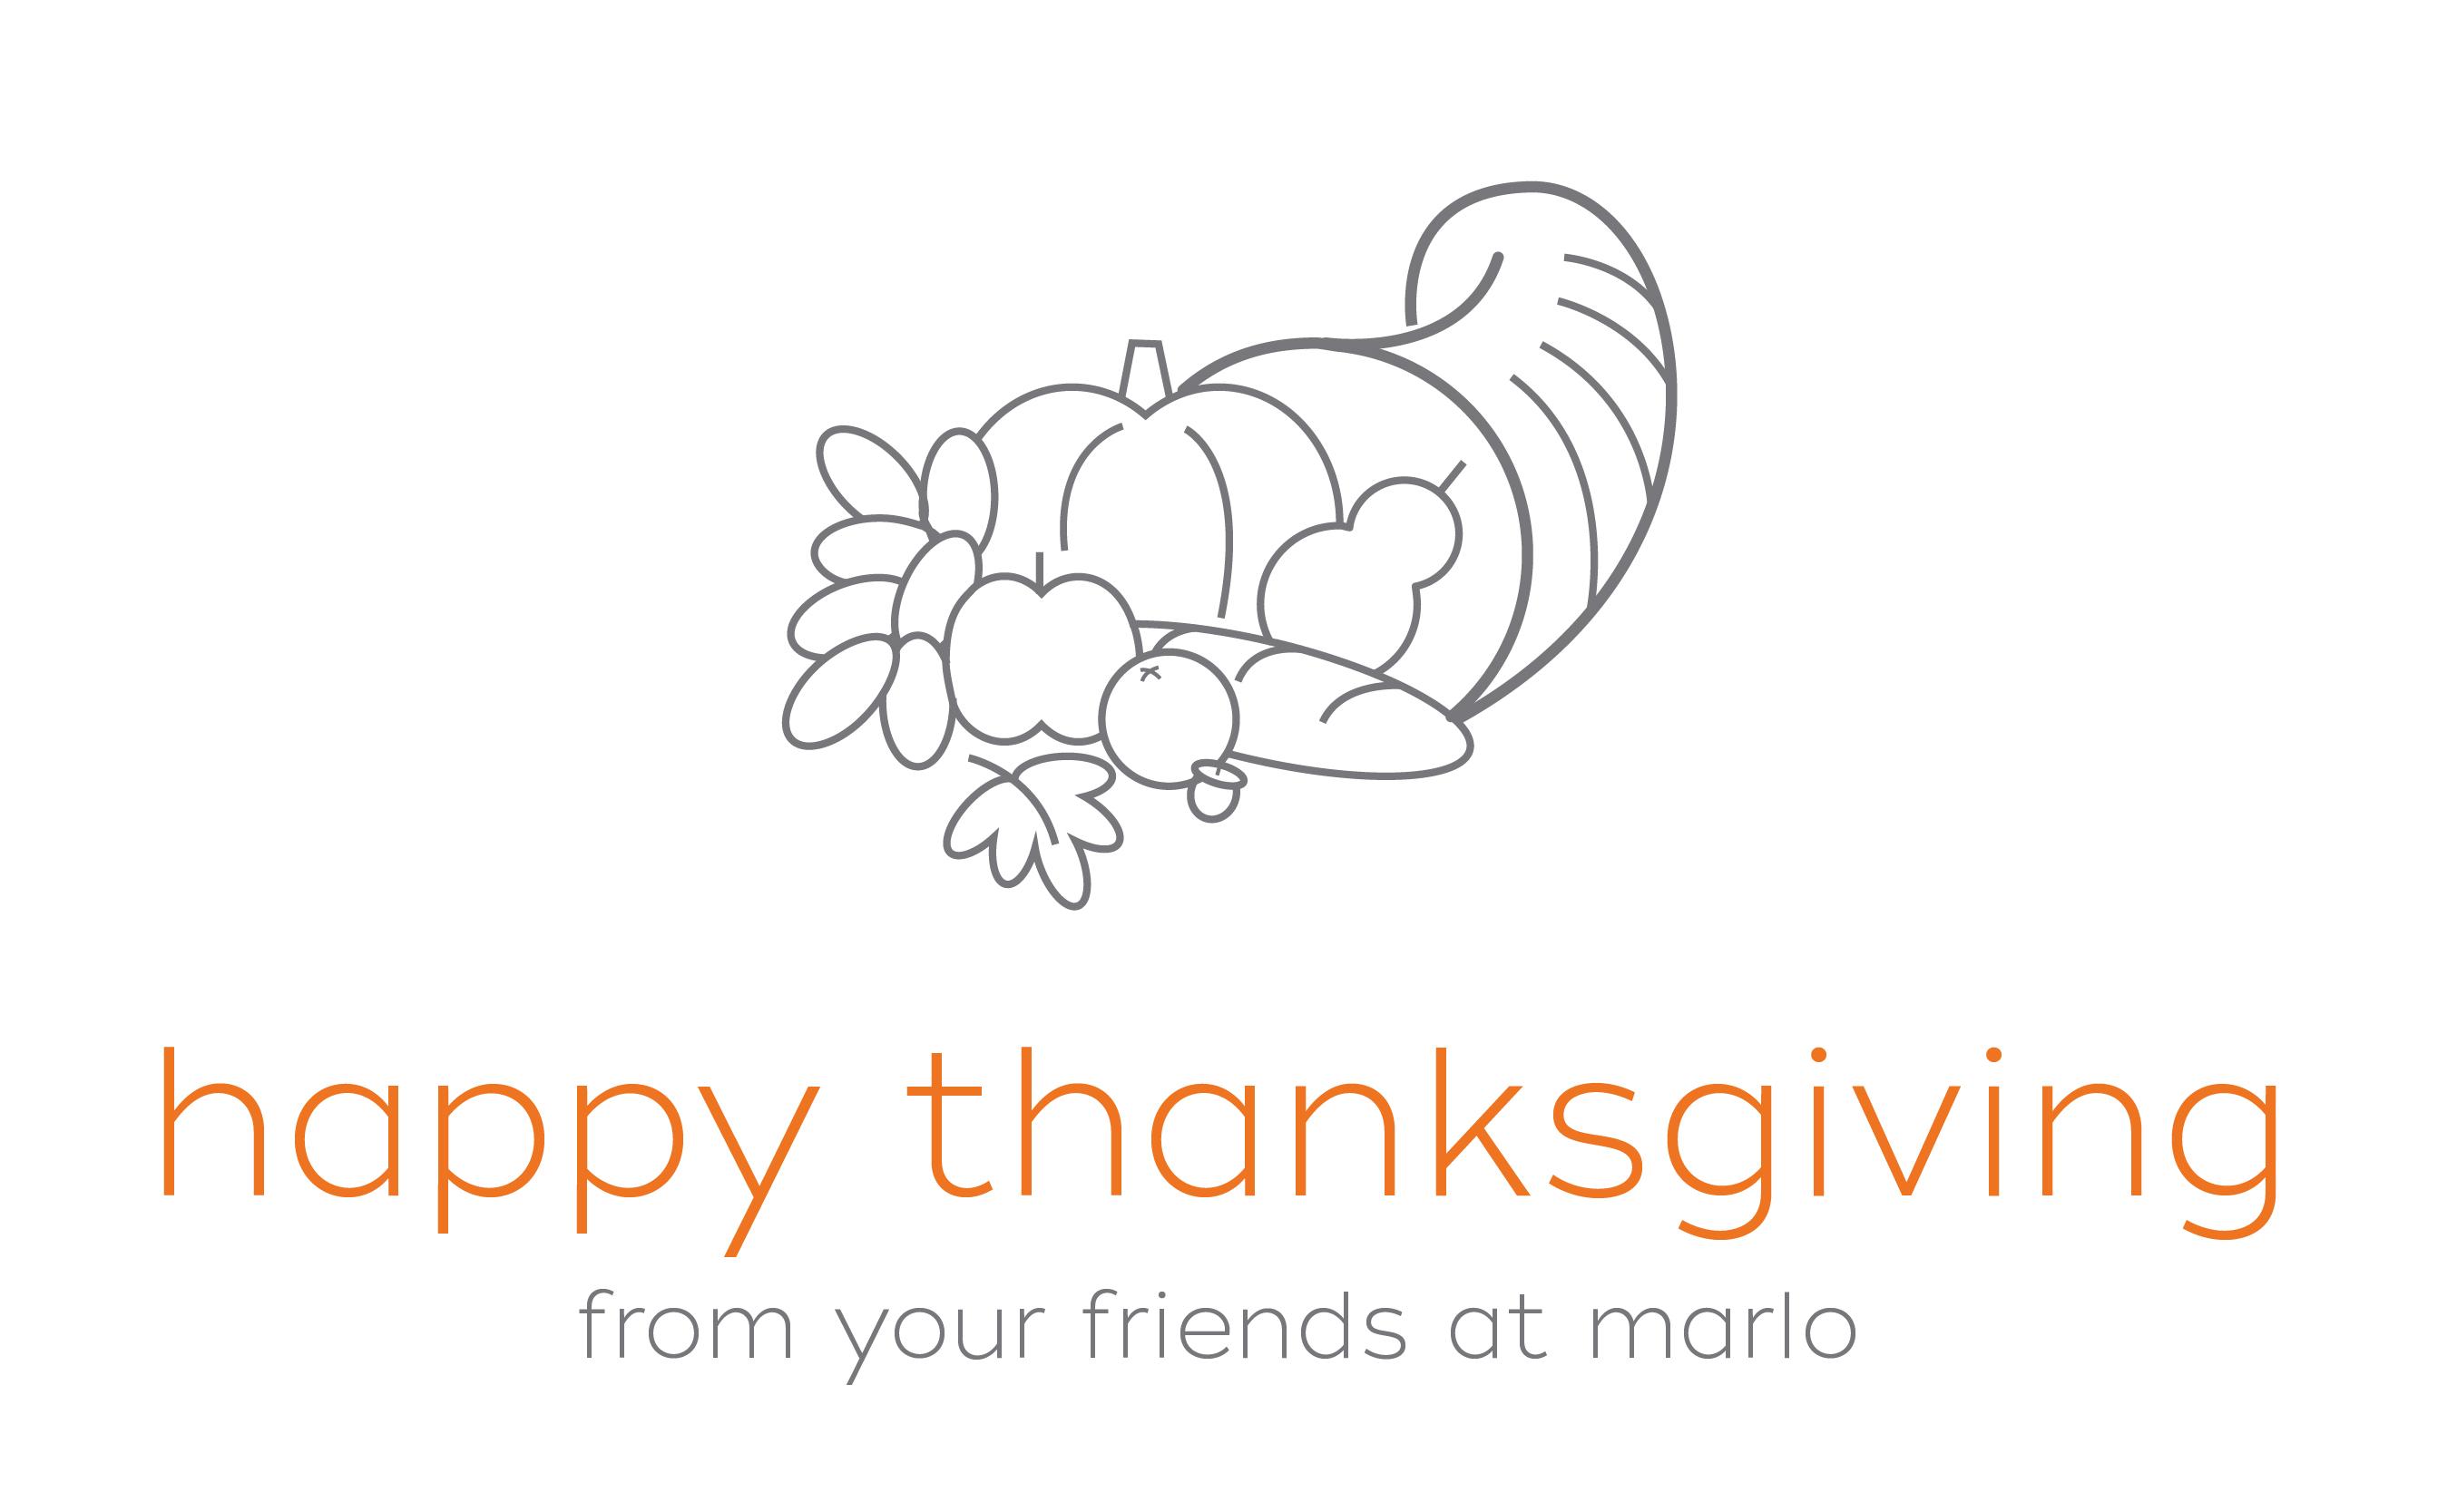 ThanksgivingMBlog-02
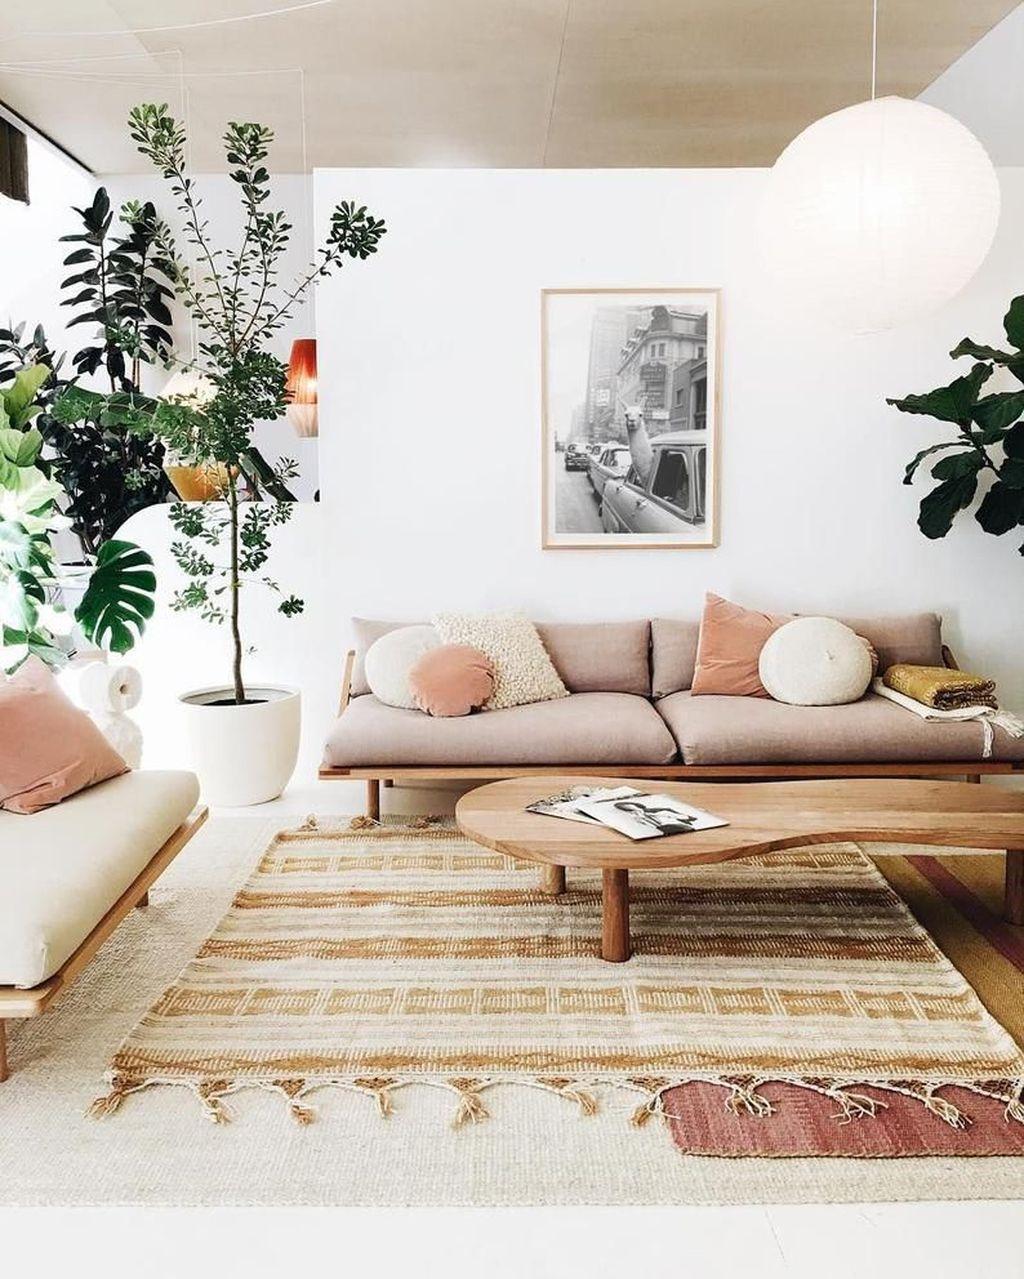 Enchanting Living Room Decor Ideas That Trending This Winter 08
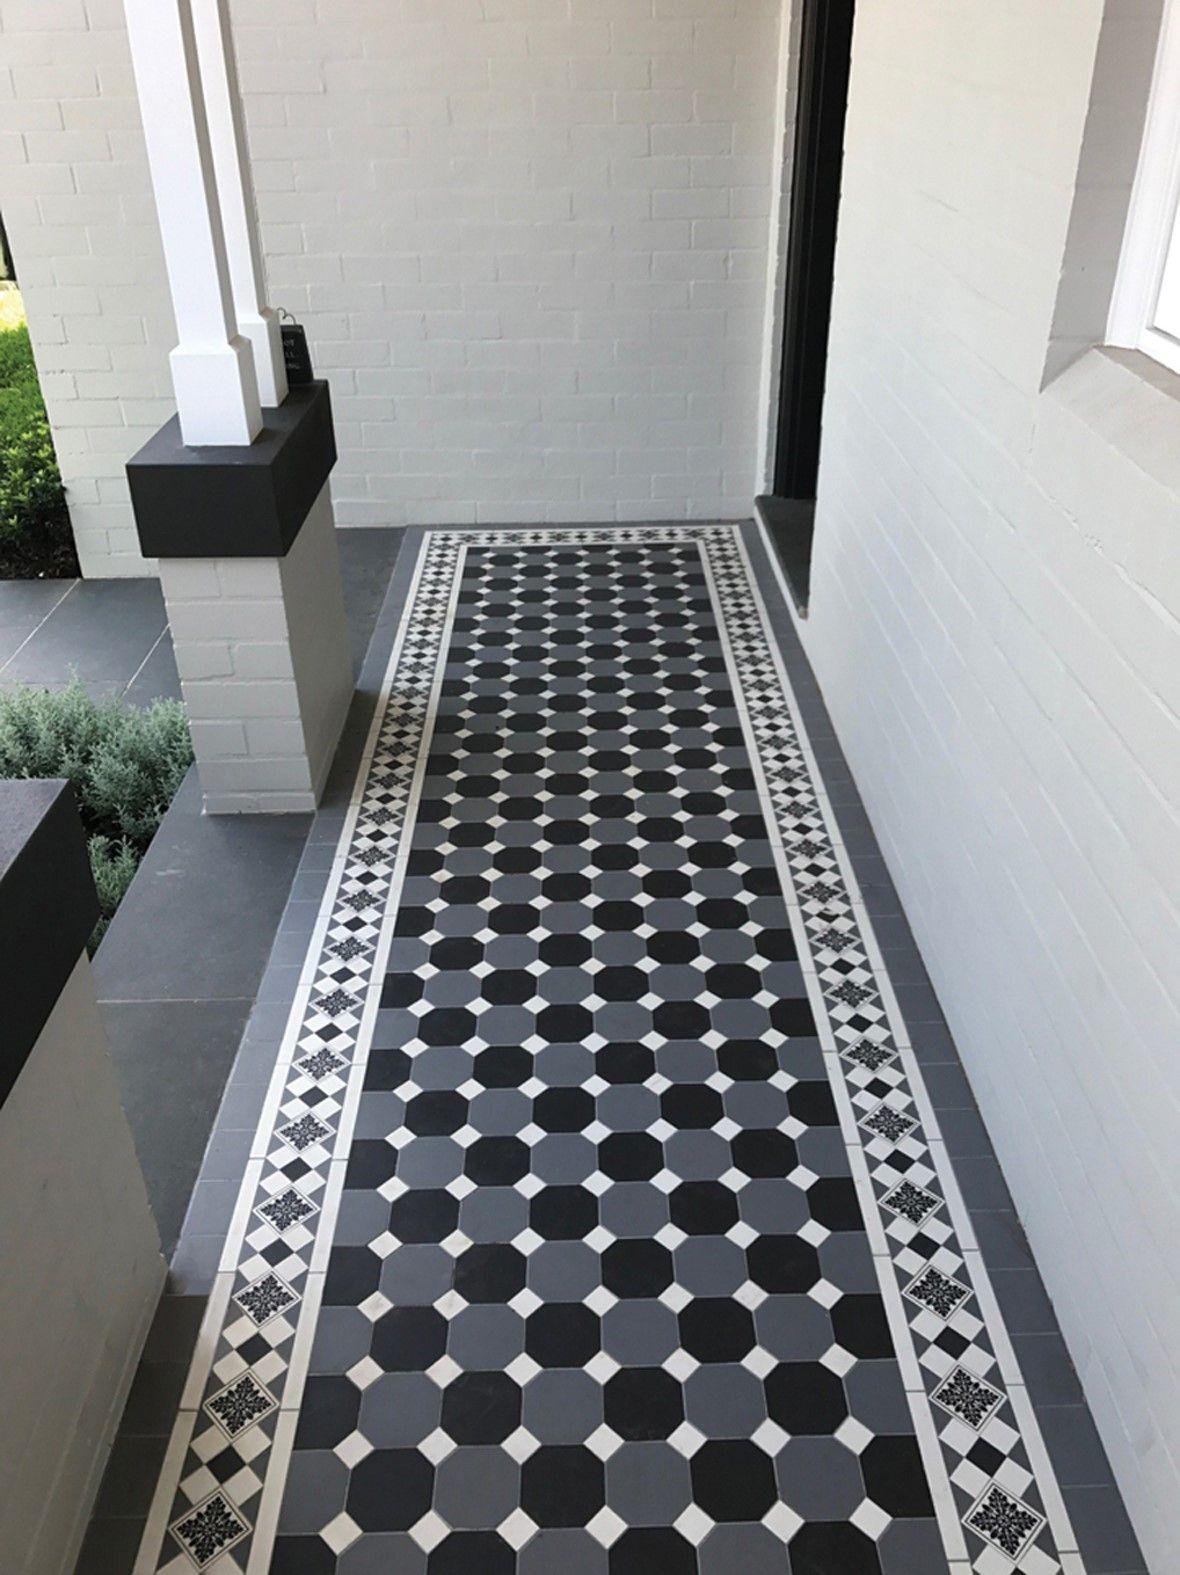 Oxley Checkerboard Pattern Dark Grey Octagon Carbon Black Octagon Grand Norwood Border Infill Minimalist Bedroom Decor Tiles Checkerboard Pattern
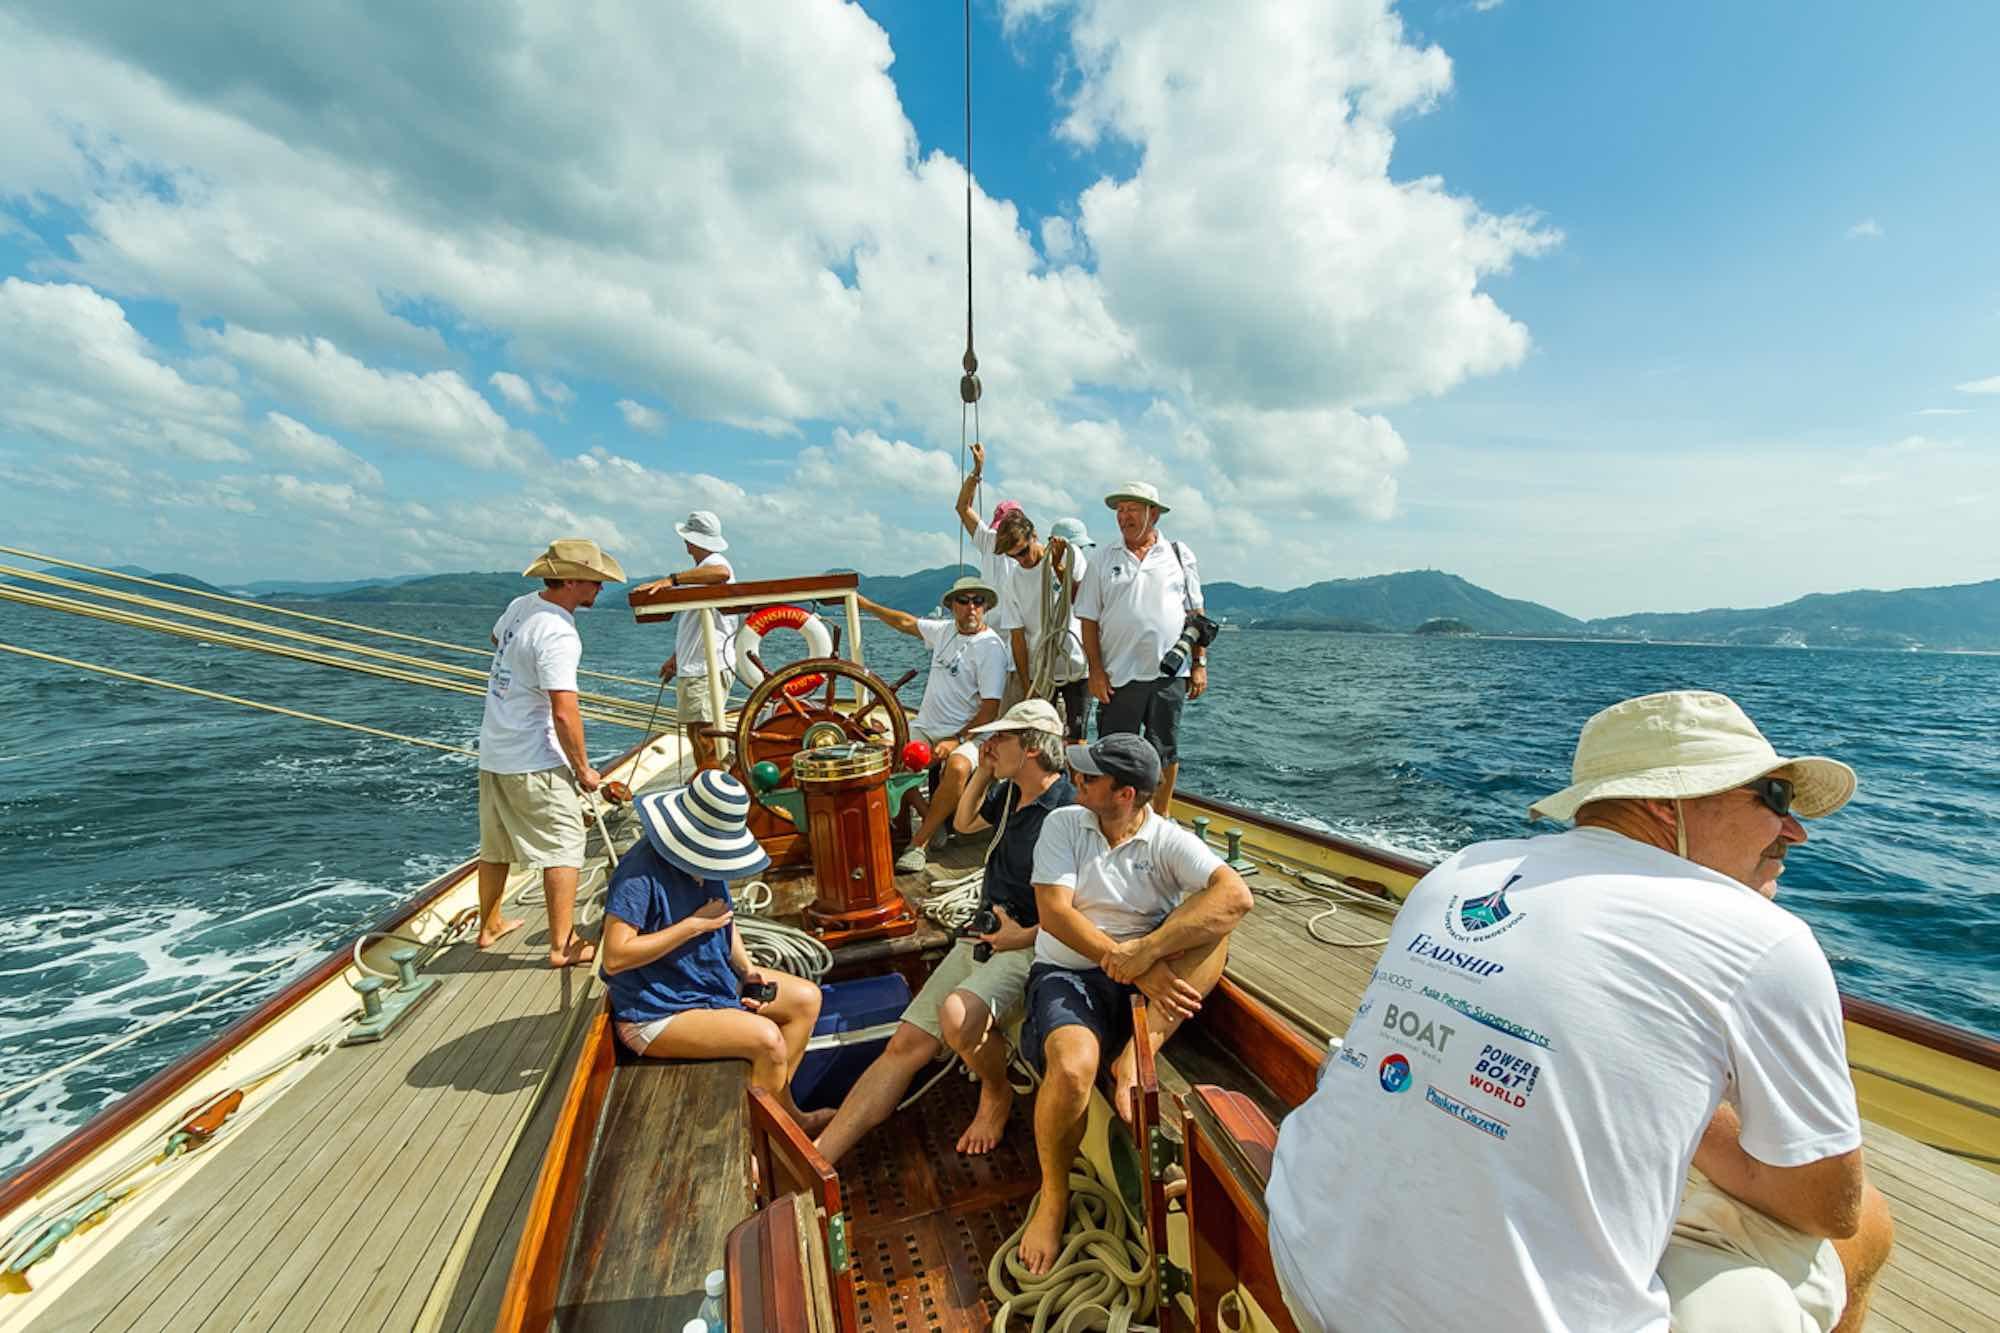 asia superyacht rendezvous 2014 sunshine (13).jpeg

■ Required action
With the pictures left out, write out exactly the lines above from the one containing "Enchanting Living Room" through the one containing "Oxley Checkerboard Pattern".

■ Task response
 Enchanting Living Room Decor Ideas That Trending This Winter 08
 Oxley Checkerboard Pattern Dark Grey Octagon Carbon Black Octagon Grand Norwood Border Infill Minimalist Bedroom Decor Tiles Checkerboard Pattern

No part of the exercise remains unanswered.